Overall Survival Associated with Real-World Treatment Sequences in Patients with CLL/SLL in the United States

Introduction: Treatment guidelines suggest the preferred use of covalent Bruton tyrosine kinase inhibitors (cBTKi) and/or B-cell lymphoma 2 inhibitors (BCL2i) in earlier lines of therapy (LoT), with or without an anti-CD20 antibody (aCD20ab) in patients with chronic lymphocytic leukemia/small lymphocytic lymphoma (CLL/SLL). However, the optimal sequencing of these and other regimens for CLL/SLL remain unknown. This study compared overall survival (OS) associated with frequently observed real-world treatment sequences in patients with CLL/SLL treated in the United States.

Methods: The nationwide Flatiron Health electronic health record (EHR)-derived de-identified database (cutoff Nov 2023) was used to select adult CLL/SLL patients who initiated systemic therapy on or after 2016 and had received at least two LoT. Treatment regimens were grouped into pre-defined, mutually exclusive categories based on drug class. Most common unique groups (n≥50) based on the sequence of treatments received in first (1LoT) and second (2LoT) LoT were included. All infrequent sequences including BCL2i + aCD20ab followed by (→) cBTKi monotherapy (n=12; 1LoT → 2LoT) were excluded. OS from the initiation of 1LoT, associated with each treatment sequence, was compared between sequences using two multivariable cox proportional hazard models, with significance level of 0.05. Model1 (M1) adjusted for baseline factors including age, sex, race, ethnicity, socioeconomic status, practice type, disease subtype, RAI stage, ECOG performance status (PS), del(11q), del(13q), tri12, del(17p)/TP53, IGHV, year of initiation of 1LoT, and time from initial diagnosis to 1LoT. Model2 (M2) also considered the cumulative number of LoT as a time-dependent covariate to account for potential differences in OS due to treatments received beyond the first two LoT. The Kaplan-Meier method was used to calculate median OS.
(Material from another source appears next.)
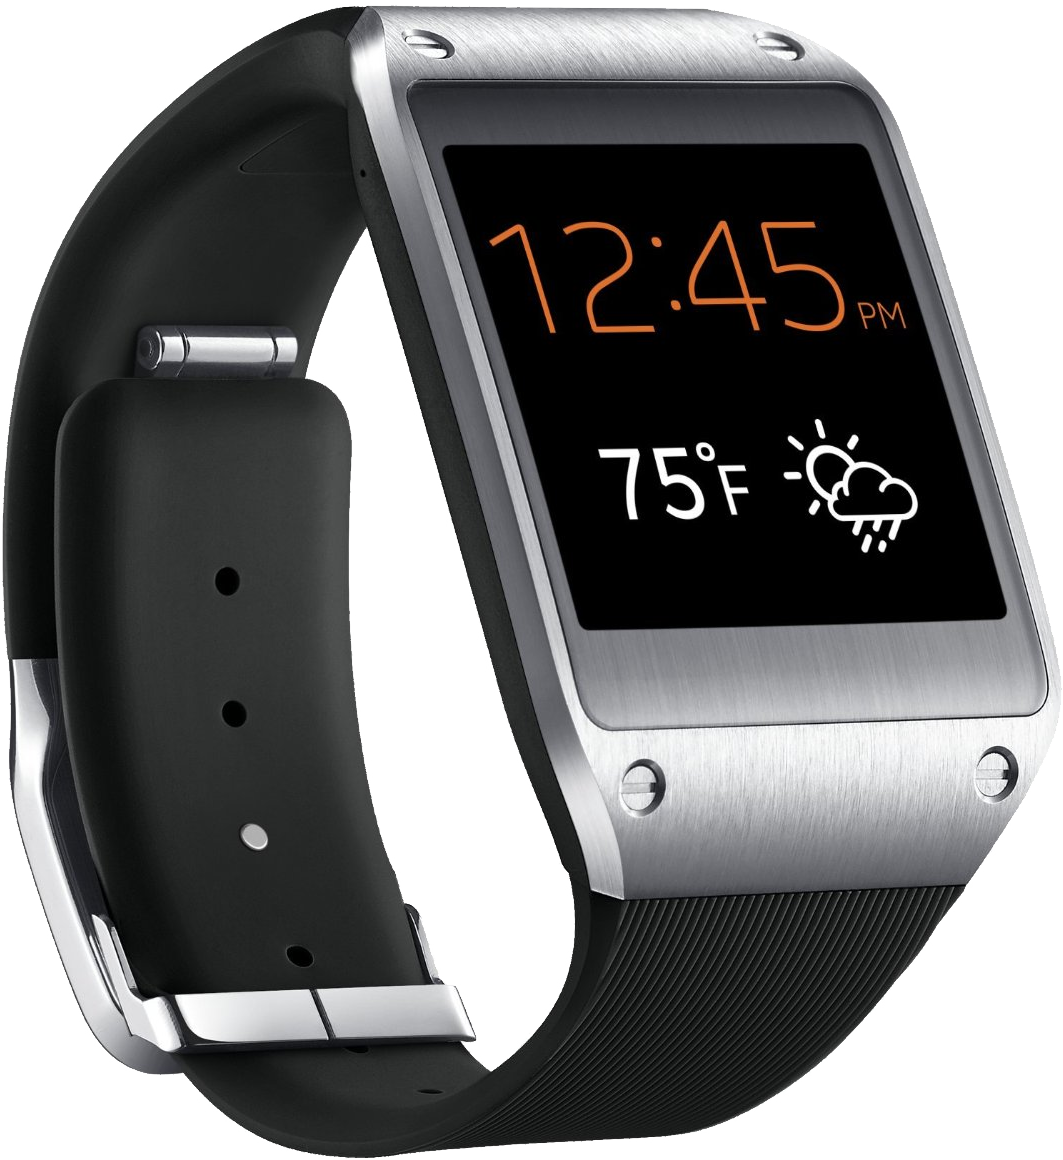 Gear Watches Samsung Smartwatch Camera Galaxy Smart PNG Image

Results: Of 2,354 patients who met eligibility, n=1,711 (73%) received the 16 most frequent treatment sequences where the median age was 71 (IQR; 63–78) years, 63% were male, 74% non-Hispanic White, and had a median follow-up of 47 (26–69) months. Among patients with available data, 11% (148/1,365) had del(17p)/TP53 mutation, 62% (406/653) had unmutated IGHV, 91% (1,119/1,224) had ECOG PS 0/1, and 63% (651/1,039) were initially diagnosed with RAI stage 0/I. Key sequences of treatments patients received included chemoimmunotherapy (CIT) → cBTKi monotherapy (n=350; 20.5%); aCD20ab monotherapy → cBTKi monotherapy (n=201; 11.7%); aCD20ab monotherapy → BCL2i + aCD20ab (n=174; 10.2%); cBTKi monotherapy → aCD20ab monotherapy (n=108; 6.3%); aCD20ab monotherapy → CIT (n=99; 5.8%); CIT → CIT (n=94; 5.5%); cBTKi monotherapy → BCL2i + aCD20ab (n=83; 4.9%); cBTKi monotherapy → CIT (n=82; 4.8%); cBTKi monotherapy → BCL2i monotherapy (n=73; 4.3%); cBTKi monotherapy → cBTKi + aCD20ab (n=70; 4.1%); CIT → BCL2i + aCD20ab (n=65; 3.8%); and CIT → aCD20ab monotherapy (n=62; 3.6%). Compared to patients who received cBTKi monotherapy → BCL2i + aCD20ab (reference), treatment with the following sequences was associated with significantly worse OS in M1 and M2: cBTKi monotherapy → aCD20ab monotherapy (adjusted hazard ratio [aHR]: 2.47 [95%CI: 1.32–4.63]); aCD20ab monotherapy → CIT (2.68 [1.42–5.07]); and CIT → CIT (2.87 [1.54–5.34]). All other treatment sequences (vs reference) were either not significantly different in M1 and M2 or were only significantly different in M1. Median (95% CI) OS was not estimable for all sequences except for patients that received cBTKi monotherapy → aCD20ab monotherapy (63 [55–74] months).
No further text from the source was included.